The issue is that MPI_Irecv
states the recv buffer and returns immediately, giving a handle
(MPI_Request) for the transaction.
Later the user will have to poll for completion with
MPI_Wait etc, and when the
transaction completes successfully, the wrappers have to paint the
recv buffer. But the recv buffer details are not presented to
MPI_Wait -- only the handle is. The
library therefore maintains a shadow table which associates
uncompleted MPI_Requests with the
corresponding buffer address/count/type. When an operation completes,
the table is searched for the associated address/count/type info, and
memory is marked accordingly.
Access to the table is guarded by a (POSIX pthreads) lock, so as to make the library thread-safe.

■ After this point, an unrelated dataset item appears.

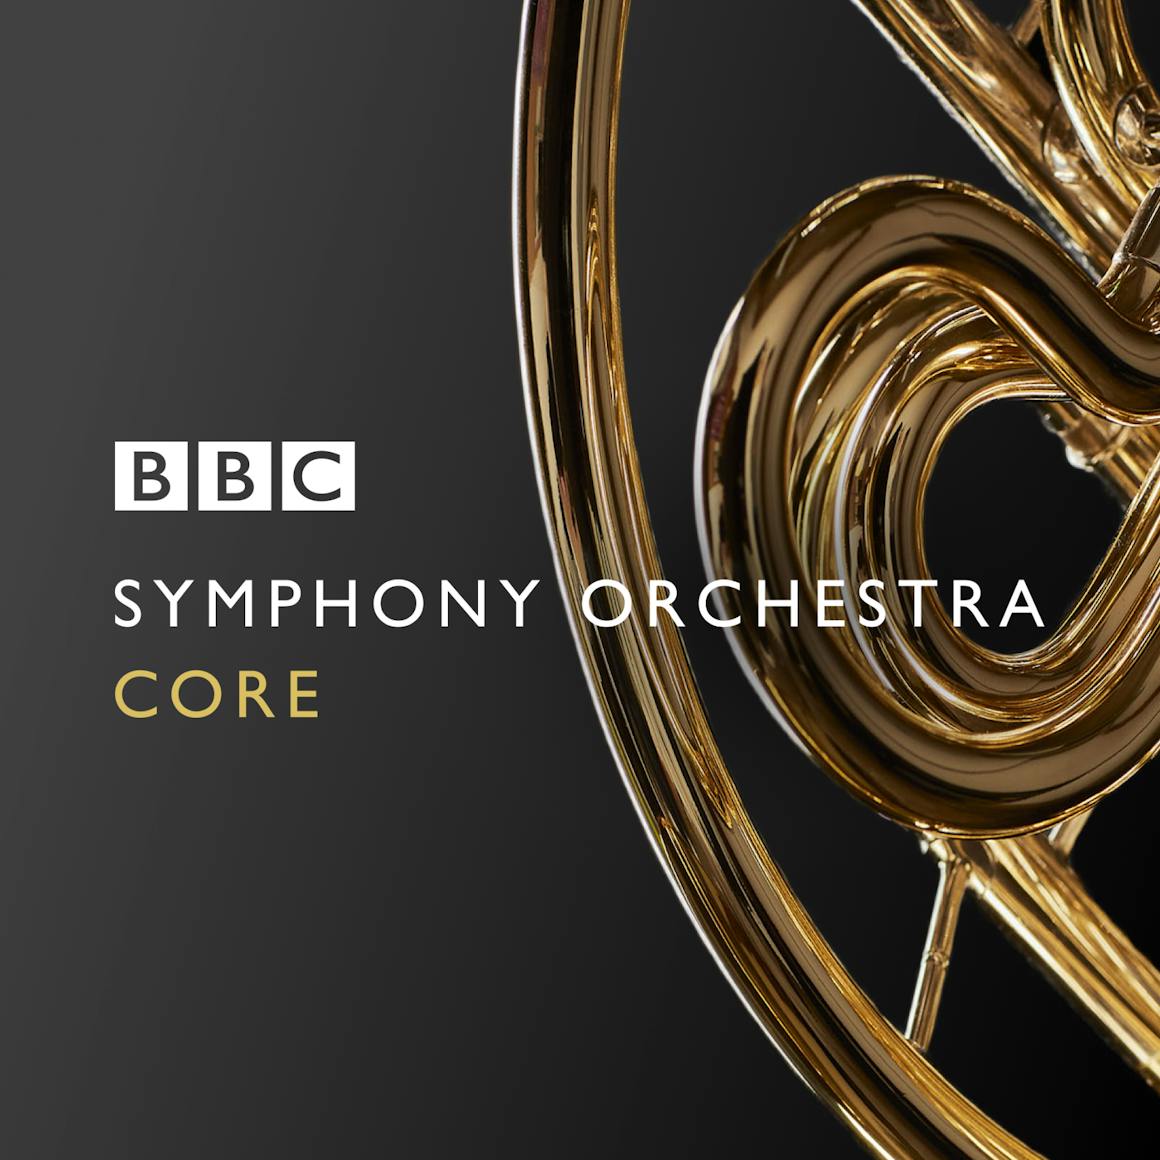 BBC Symphony Orchestra — Spitfire Audio

The table is allocated with
malloc and never
freed, so it will show up in leak
checks.
Writing new wrappers should be fairly easy. The source file is
mpi/libmpiwrap.c. If possible,
find an existing wrapper for a function of similar behaviour to the
one you want to wrap, and use it as a starting point. The wrappers
are organised in sections in the same order as the MPI 1.1 spec, to
aid navigation. When adding a wrapper, remember to comment out the
definition of the default wrapper in the long list of defaults at the
bottom of the file (do not remove it, just comment it out).
The wrappers should reduce Memcheck's false-error rate on MPI applications. Because the wrapping is done at the MPI interface, there will still potentially be a large number of errors reported in the MPI implementation below the interface. The best you can do is try to suppress them.
You may also find that the input-side (buffer
length/definedness) checks find errors in your MPI use, for example
passing too short a buffer to
MPI_Recv.
Functions which are not wrapped may increase the false
error rate. A possible approach is to run with
MPI_DEBUG containing
warn. This will show you functions
which lack proper wrappers but which are nevertheless used. You can
then write wrappers for them.
A known source of potential false errors are the
PMPI_Reduce family of functions, when
using a custom (user-defined) reduction function. In a reduction
operation, each node notionally sends data to a "central point" which
uses the specified reduction function to merge the data items into a
single item. Hence, in general, data is passed between nodes and fed
to the reduction function, but the wrapper library cannot mark the
transferred data as initialised before it is handed to the reduction
function, because all that happens "inside" the
PMPI_Reduce call. As a result you
may see false positives reported in your reduction function.